Той ночью мой брат, несмотря на все его попытки вырваться и убежать, был увезен в Константинополь. Я больше никогда не видел Догана. С тех пор прошло двадцать лет. Но я узнал, что он стал секретарем великого визиря Ибрагима-Паши, всесильного министра на службе у Сулеймана. Евнух Бебейид сдержал слово. Доган наделен большой властью. Родители же мои еще произвели на свет двух девочек, на приданое которым и пошли деньги за мошонку моего бедного брата. Вот почему я за тебя вступился – глядя на тебя, я вижу его. Я увидел твои шрамы, и во мне заплакала душа. Сказал же Пророк: Не отталкивай слабого – он подобен тебе, ибо ты станешь таким завтра.
– И в книге Левит говорится: Не пренебрегай тем, кто беден и кого унизили, но возлюби его; и не трепещи перед лицом сильного, ибо он не будет таковым завтра, – подтверждает Вивес.
– Слова Моисея справедливы. Ведь он тоже из наших пророков, как и ваш Иисус, – говорит Гаратафас, опустив глаза.
Все взволнованы его рассказом, и на некоторое время умолкают. Кое-кто осеняет себя крестом.
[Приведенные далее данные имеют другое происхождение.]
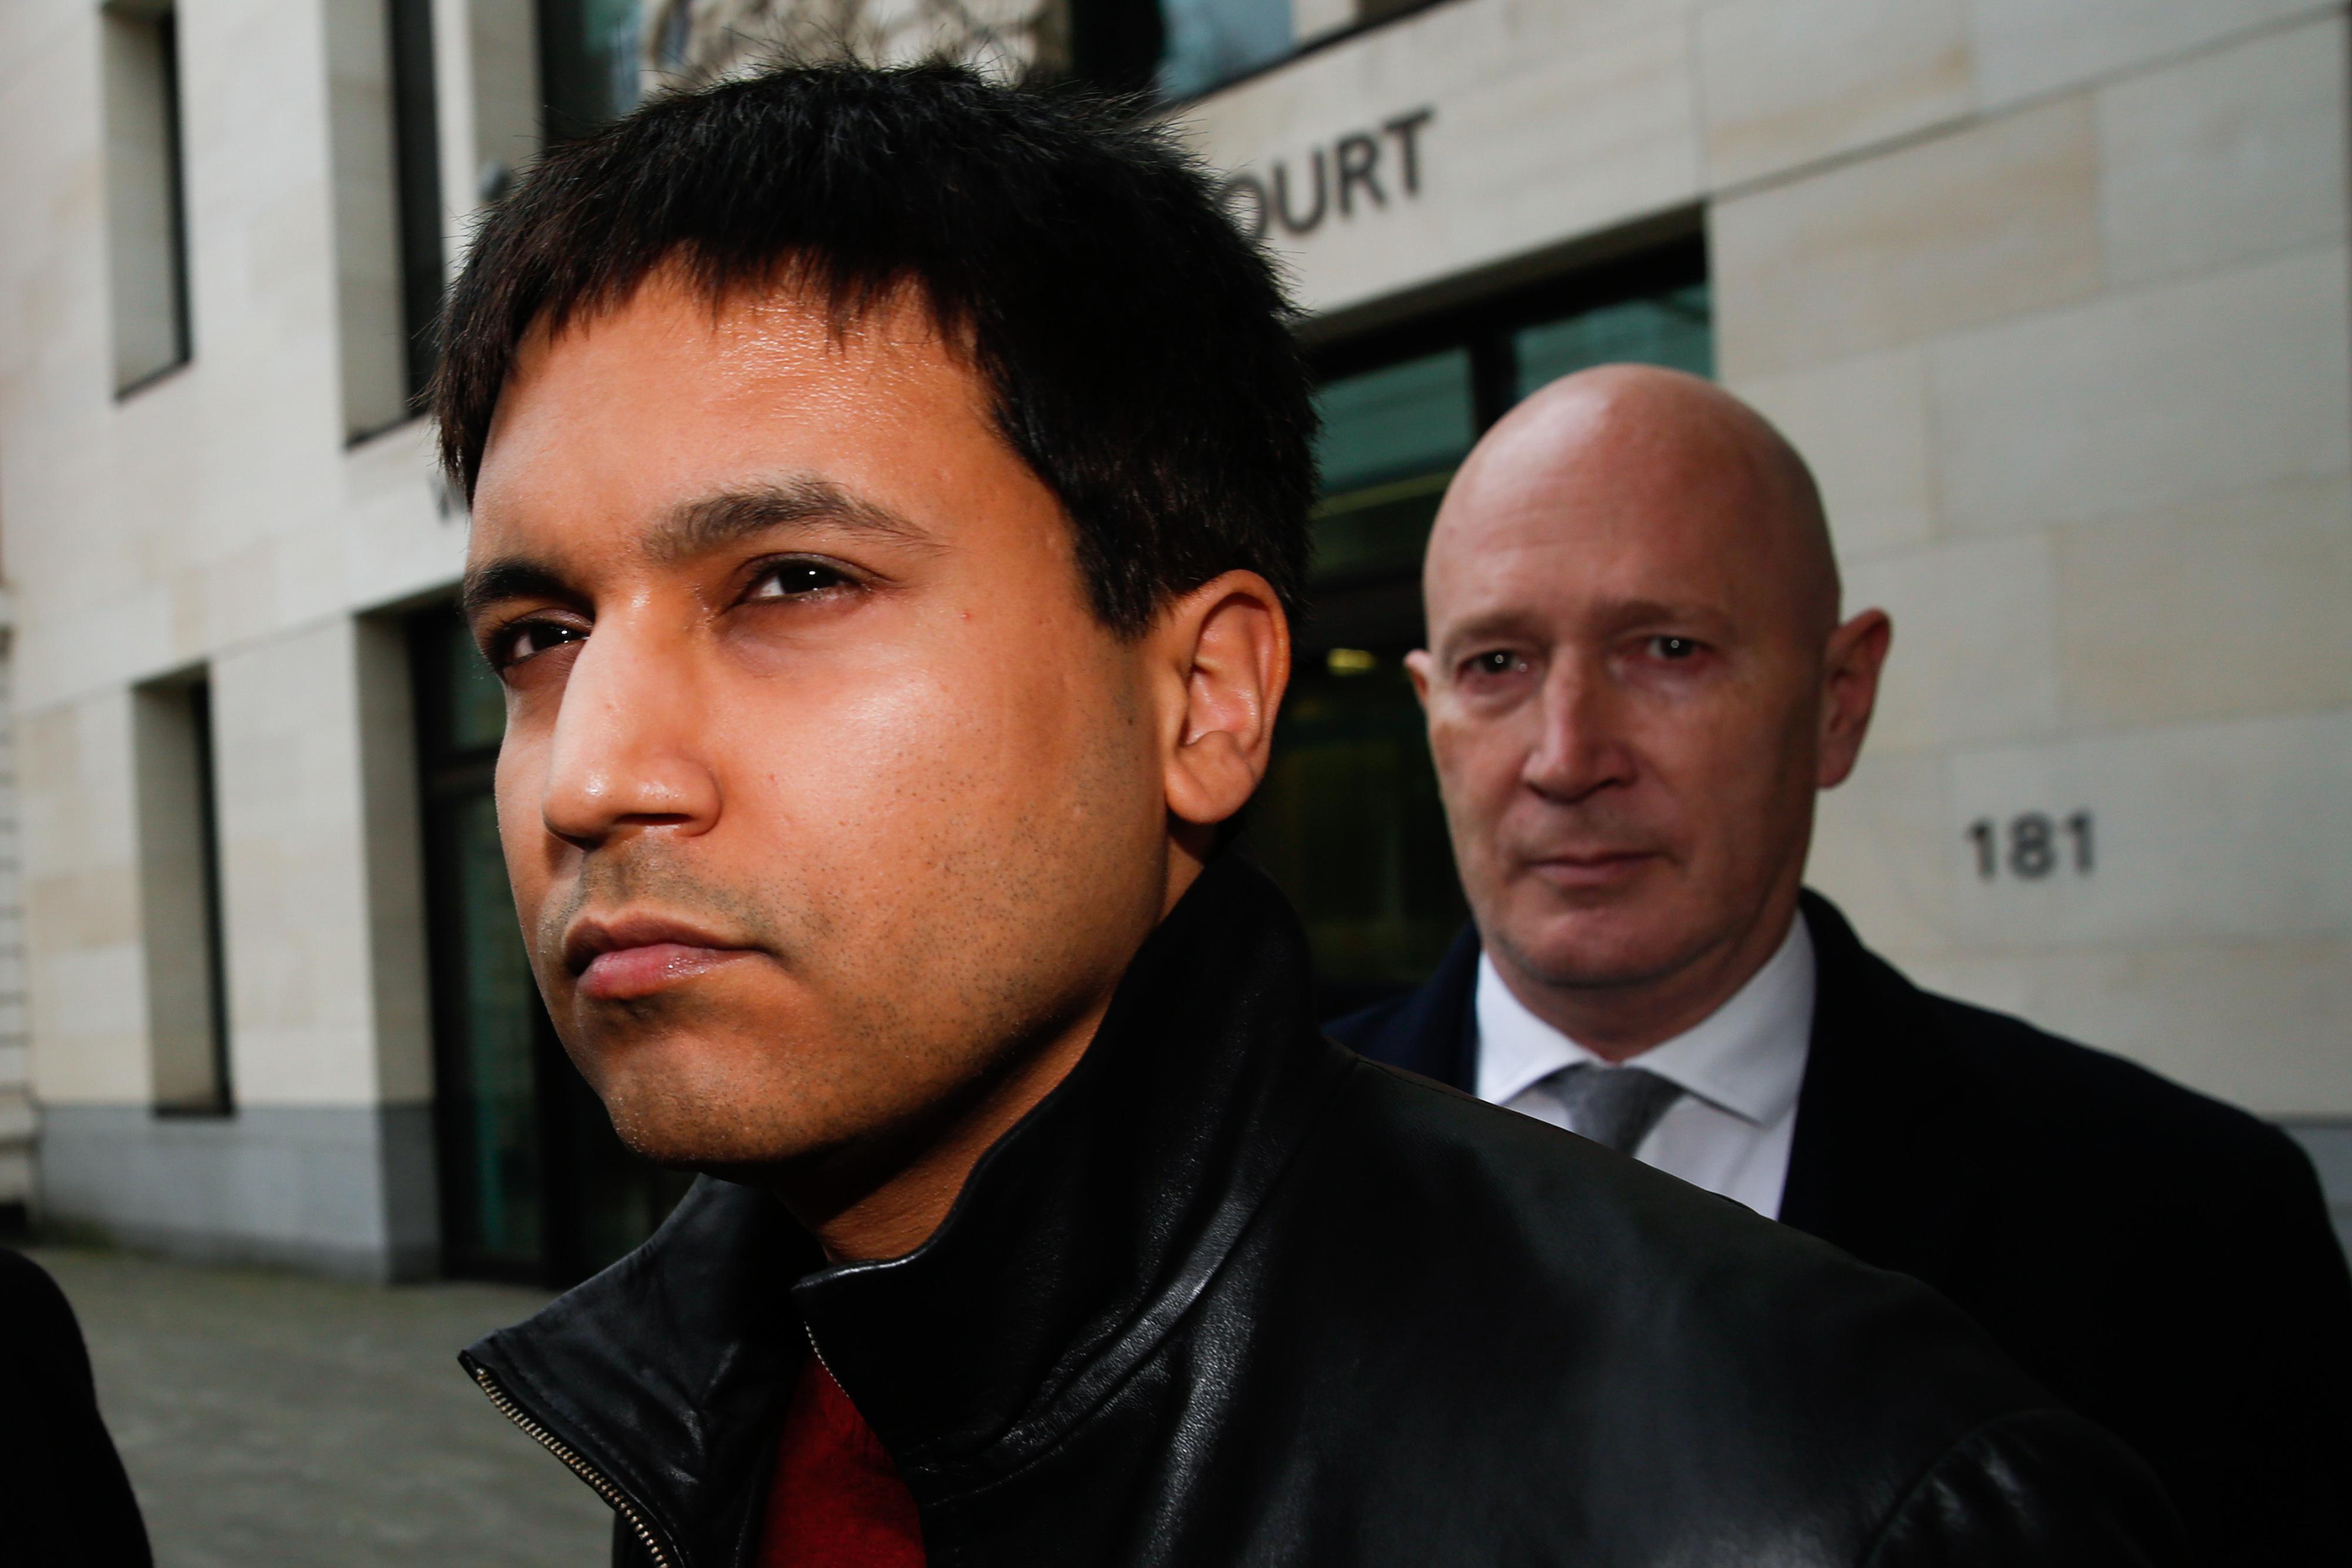 Pursuing Flash Crash Trader Navinder Singh Sarao At Extradition Hearing
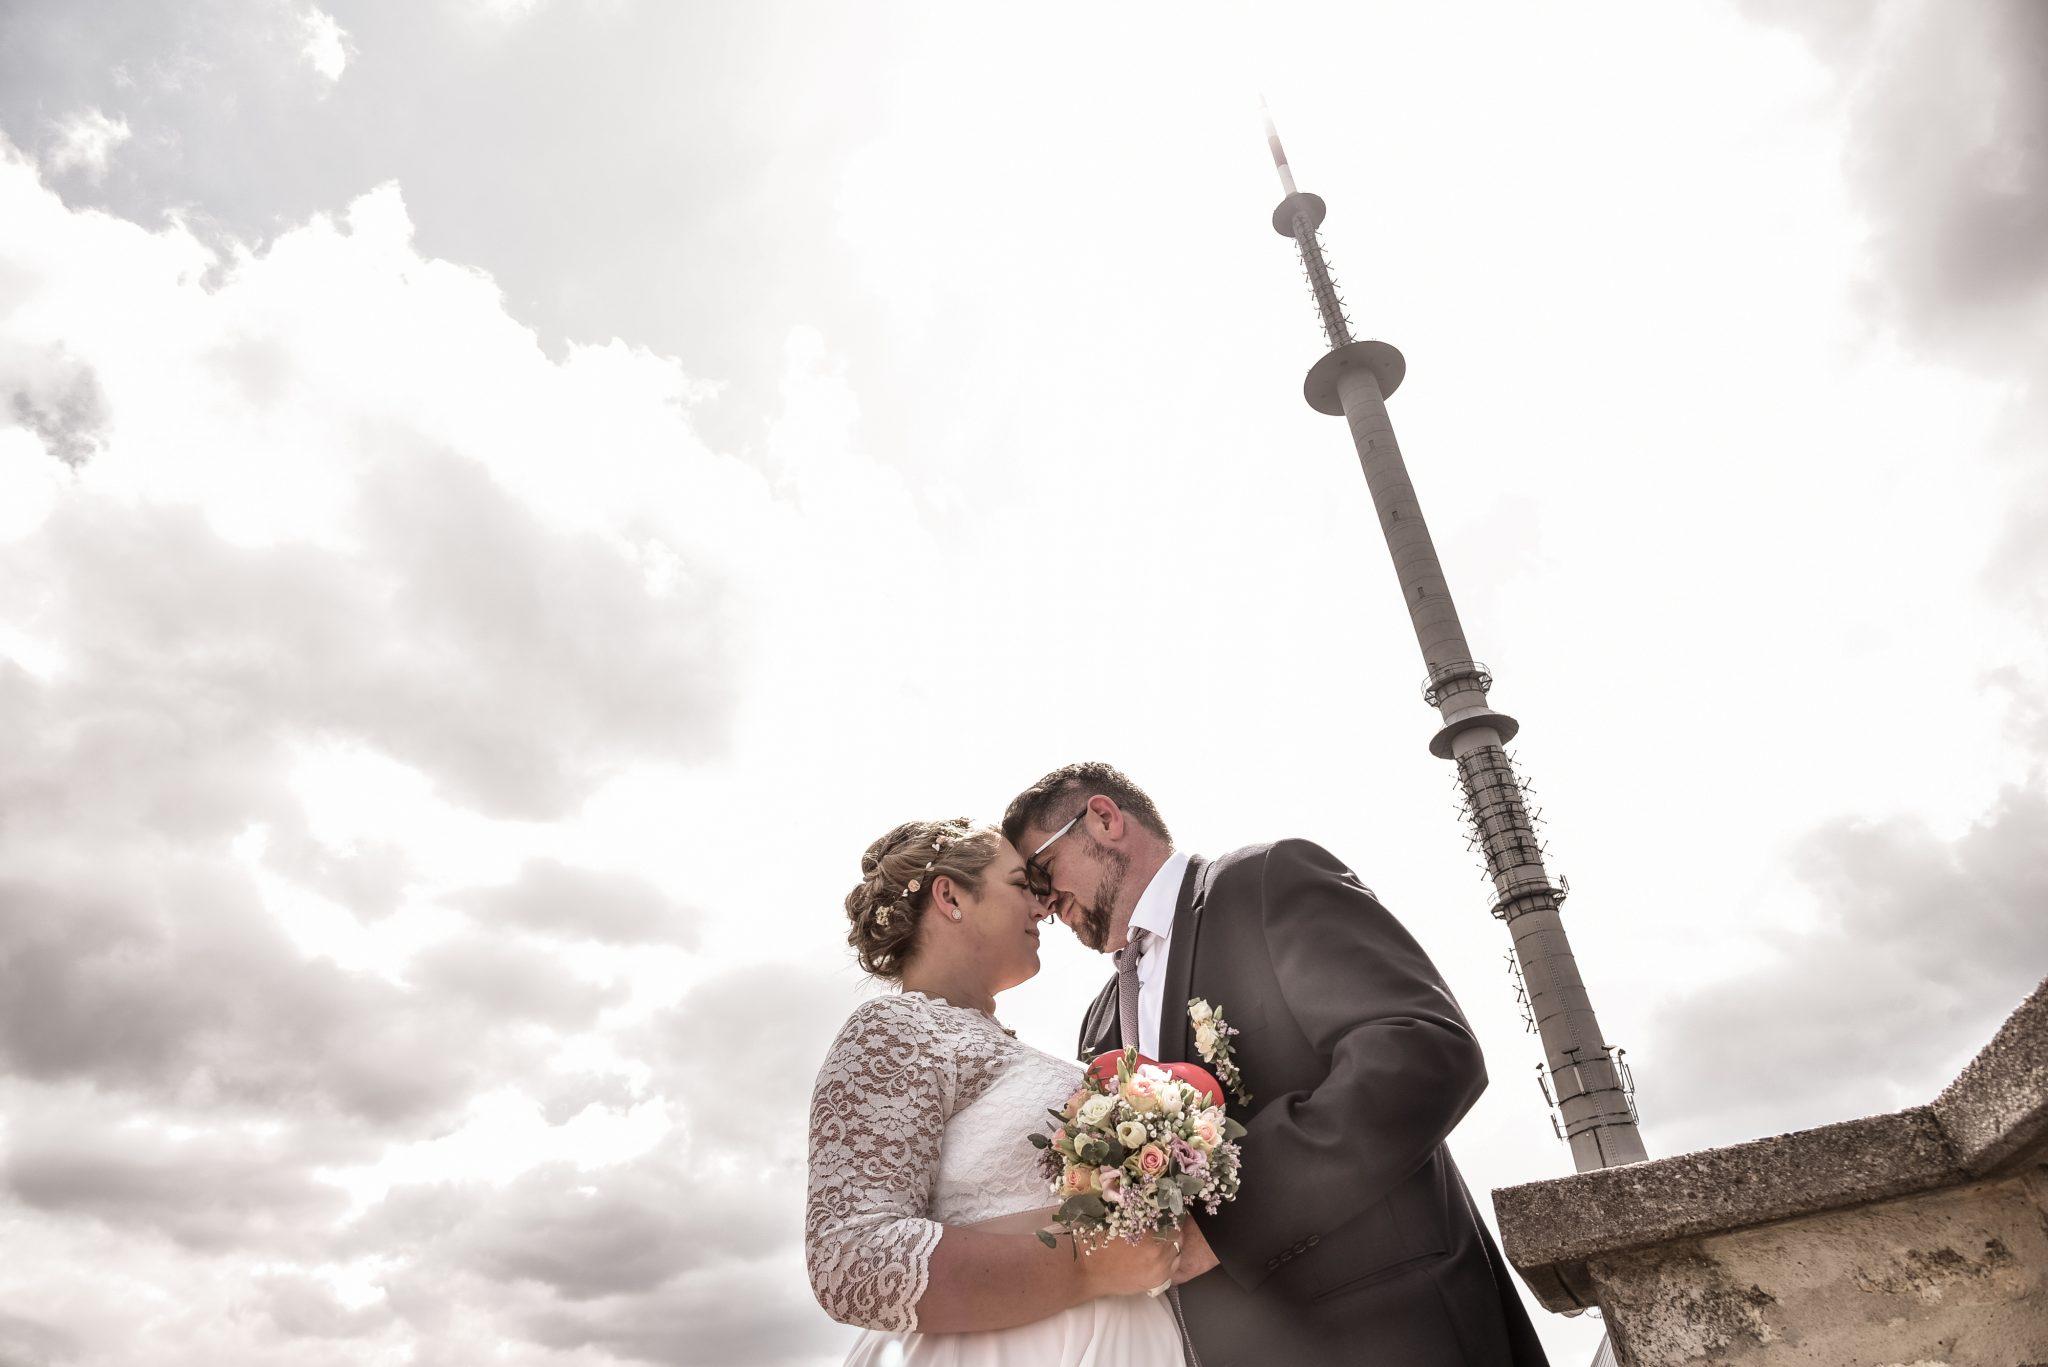 Hochzeitsfotos am Ochsenkopf Brautpaarshooting

– А ты, Гомбер? Ты нам расскажешь о своих злоключениях? – спрашивает Вивес. – Ты проклял Маргариту, тетку императора. Если ты знавал ее, что же могло с тобой случиться, чтобы с такой высоты упасть так низко?
– Да, расскажи, Николь, расскажи! Говорят, ты служил при собственной капелле императора. Так это правда?
– Ты и в самом деле видел его, короля Испаний, императора Двух Миров?
– Ну да, знал я этого бургундского пса и очень надеюсь с ним еще повстречаться!
– Как ты ненавидишь…
– Я больше ненавижу Тома Крекийона, которому обязан тем, что сижу тут на веслах! Этого сукина сына, который занял мое место! А-а, чтоб Вельзевул раздолбал ему задницу!
– Крекийон? А это еще кто?
– Другой певчий!
– А что, певчий это непременно скопец? – интересуется Гаратафас.
– Не всегда и, в основном, тот, от кого бежит удача…, но, дорогой мой Гаратафас, позволь рассказать тебе с самого начала мою печальную историю. Раз уж ты назвался моим братом, я тоже хочу стать братом тебе. И вы все послушайте! Может быть, после этого вы не станете больше надо мной смеяться!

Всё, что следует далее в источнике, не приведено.